«Русская мода — копия западной»: интервью с Машей Jahnkoy, возрождающей ремесленничество

Фотографии:
Нина Фролова
18 июля 2018 в 18:57
За плечами сибирячки Маши Jahnkoy Казаковой — учеба в «Британке», Central Saint Martins и Parsons. Художница уже много лет живет в Нью-Йорке, но показ новой коллекции своей марки провела в Москве. «Афиша Daily» поговорила с Казаковой про работу на стыке русской народности и афрофутуризма, сохранение ремесленнических техник и кризисе в моде.

— Вас давно не было в Москве, а тут внезапно устраиваете показ новой коллекции, выставку и воркшоп. Что случилось?
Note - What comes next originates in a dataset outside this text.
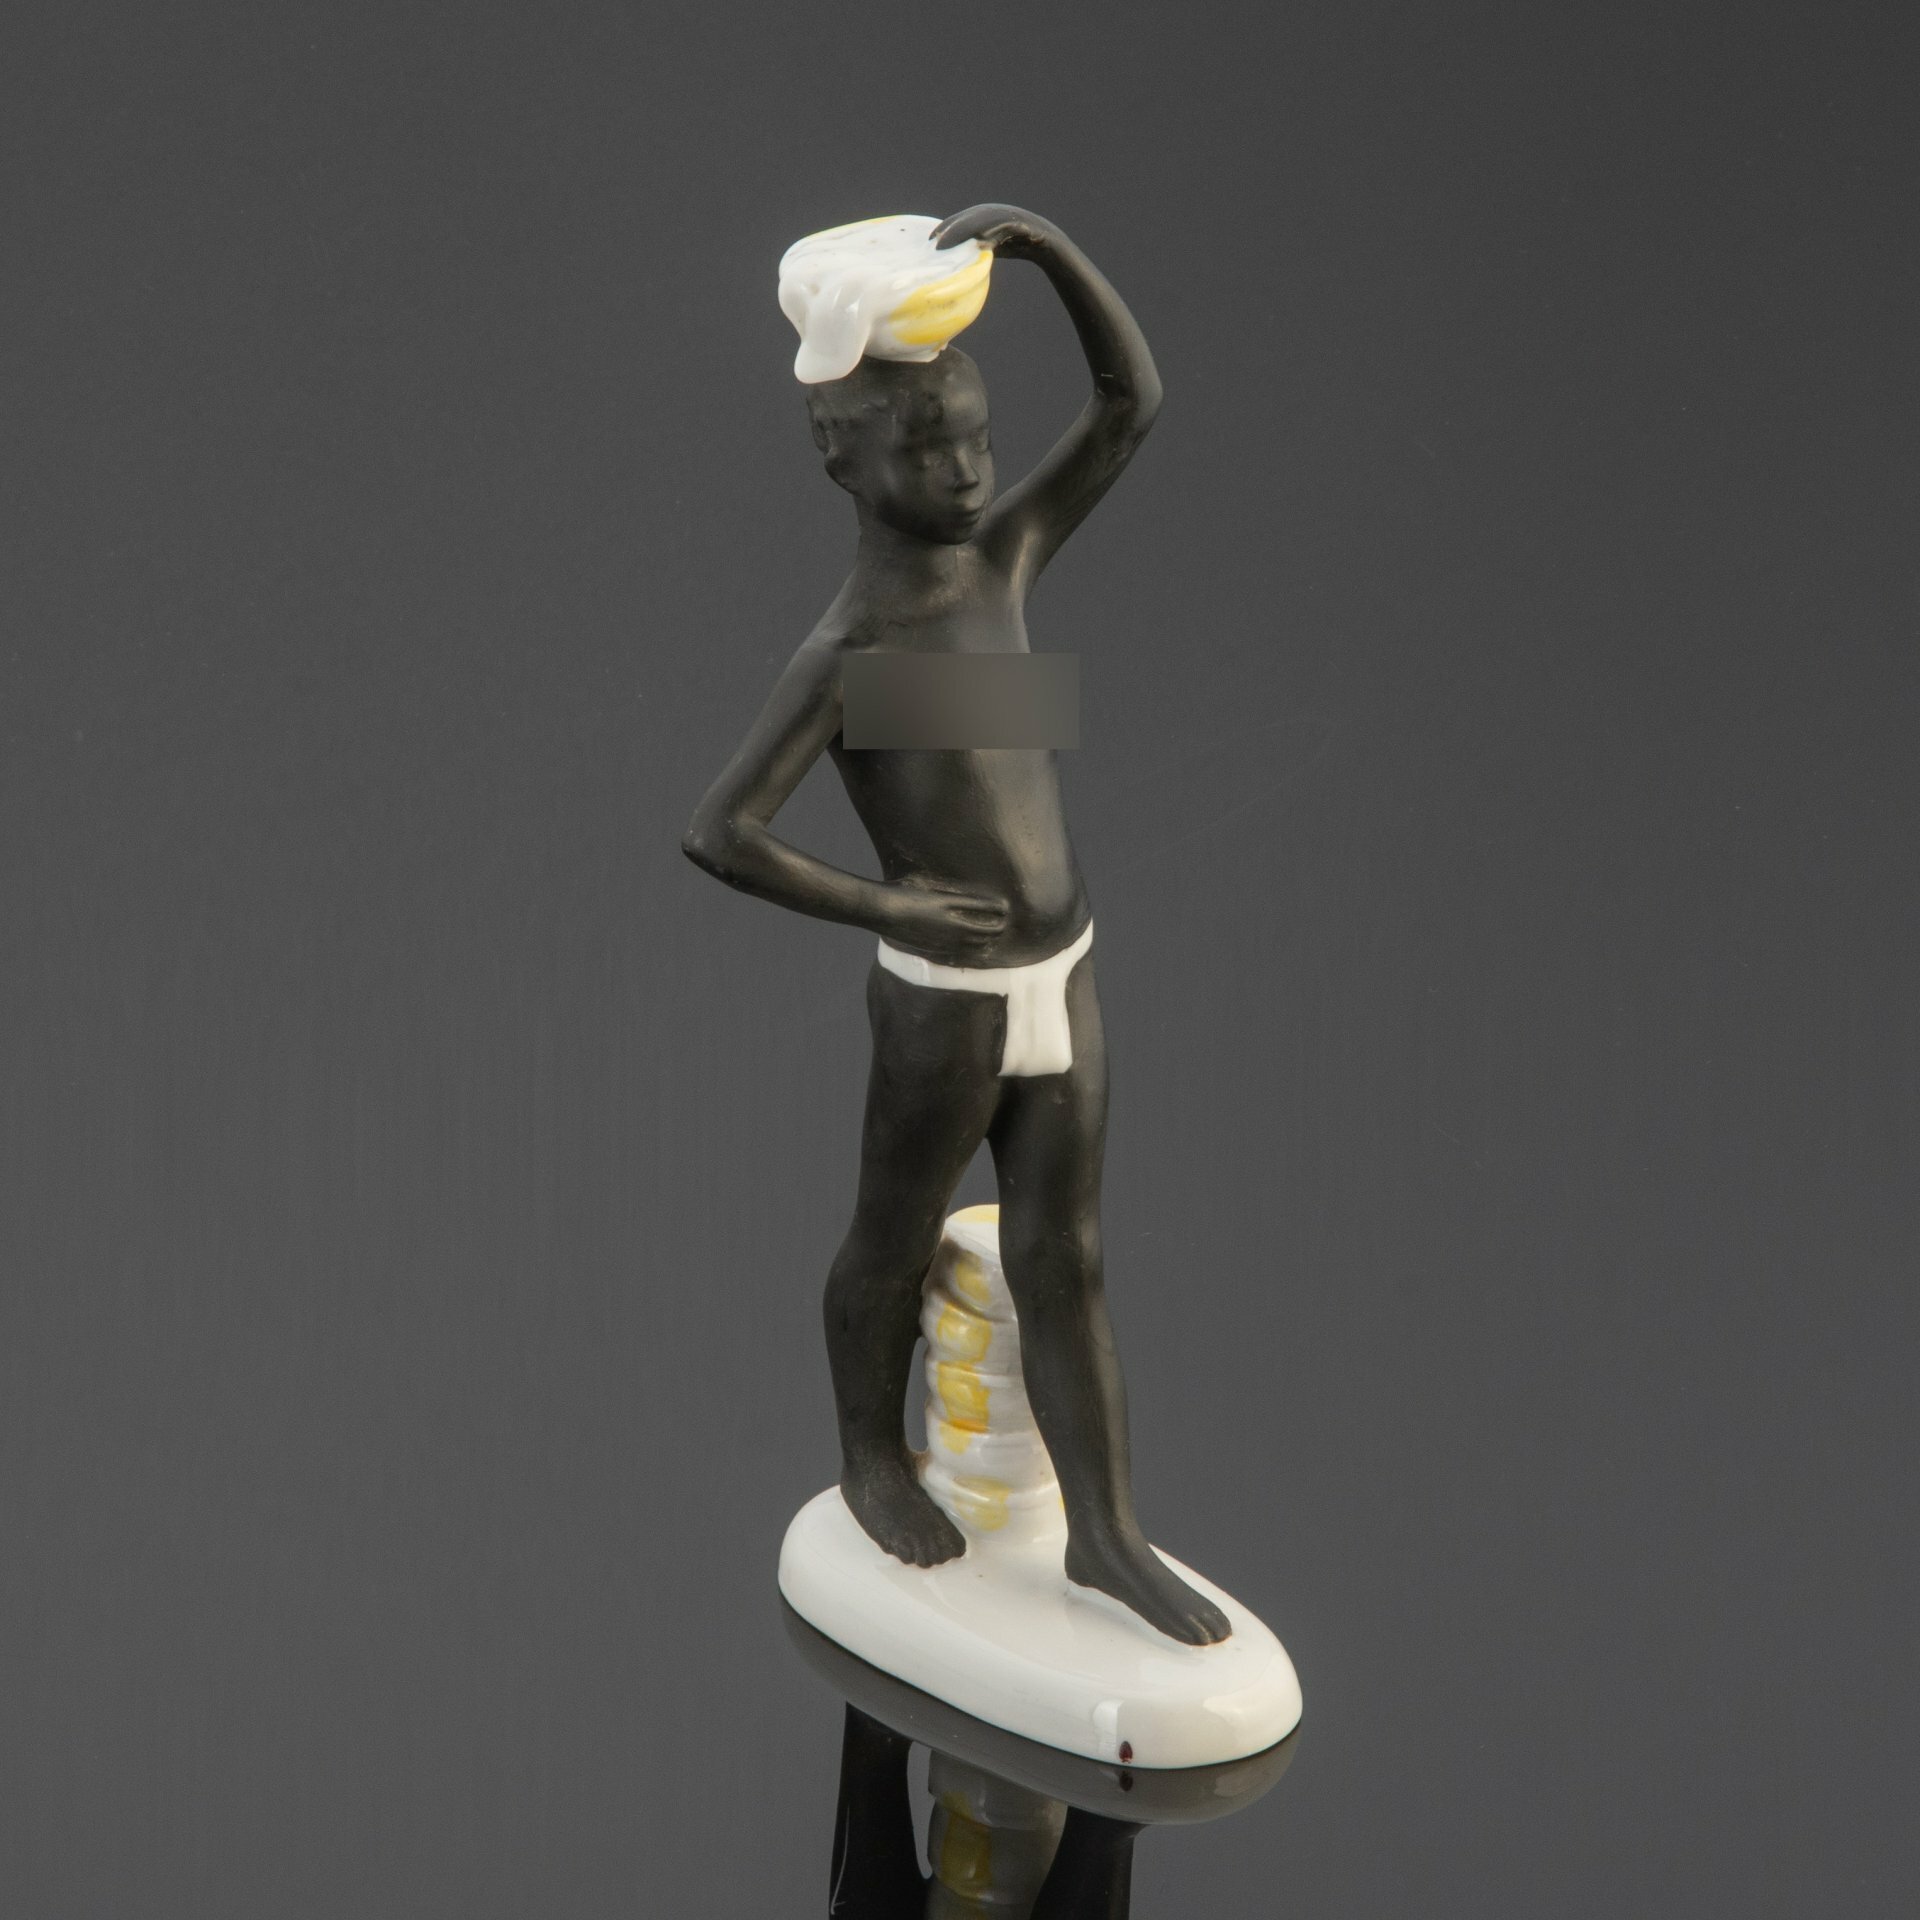 Статуэтка "Африка" (мальчик-негр с корзиной на голове) скульптор Г. С. Столбова

—Во-первых, в России проходил чемпионат мира по футболу, и как раз под его закрытие мы решили сделать показ. Все как-то сложилось в единое, и музей тоже согласился (во Всероссийском музее декоративно-прикладного и народного искусства проходил показ Jahnkoy, а до 27 июля здесь будет работать выставка художницы. — Прим. ред.). Эта коллекция больше о России, чем предыдущая, и, естественно, должна быть показана здесь. Я хотела еще в Новосибирск поехать, но не получилось.

— Сколько вы не были в родном Новосибирске?

— Я приезжала прошлым летом, но уже 5 лет не живу в России.

— А родители следят за тем, что вы делаете?

— Да, во «ВКонтакте» следят, но немножко не понимают. Им тяжело, потому что они выросли в другой культуре. Родители были совсем далеки от традиционного ремесла, и им внушалось, что это не ценность.

— Родители не разделяют вашу любовь к традиционной одежде?

— А почему у нас вся страна ходит в джинсах и майках? Тренды — очень сильная вещь, поэтому ты не всегда понимаешь, что тебе нравится другое. Мне кажется, вся красота ценностей и знаний заложена в традиционном костюме — все эти орнаменты, узоры, их значение. А сейчас как будто ничего нет.

— Откуда у вас вообще взялась любовь к русскому колориту?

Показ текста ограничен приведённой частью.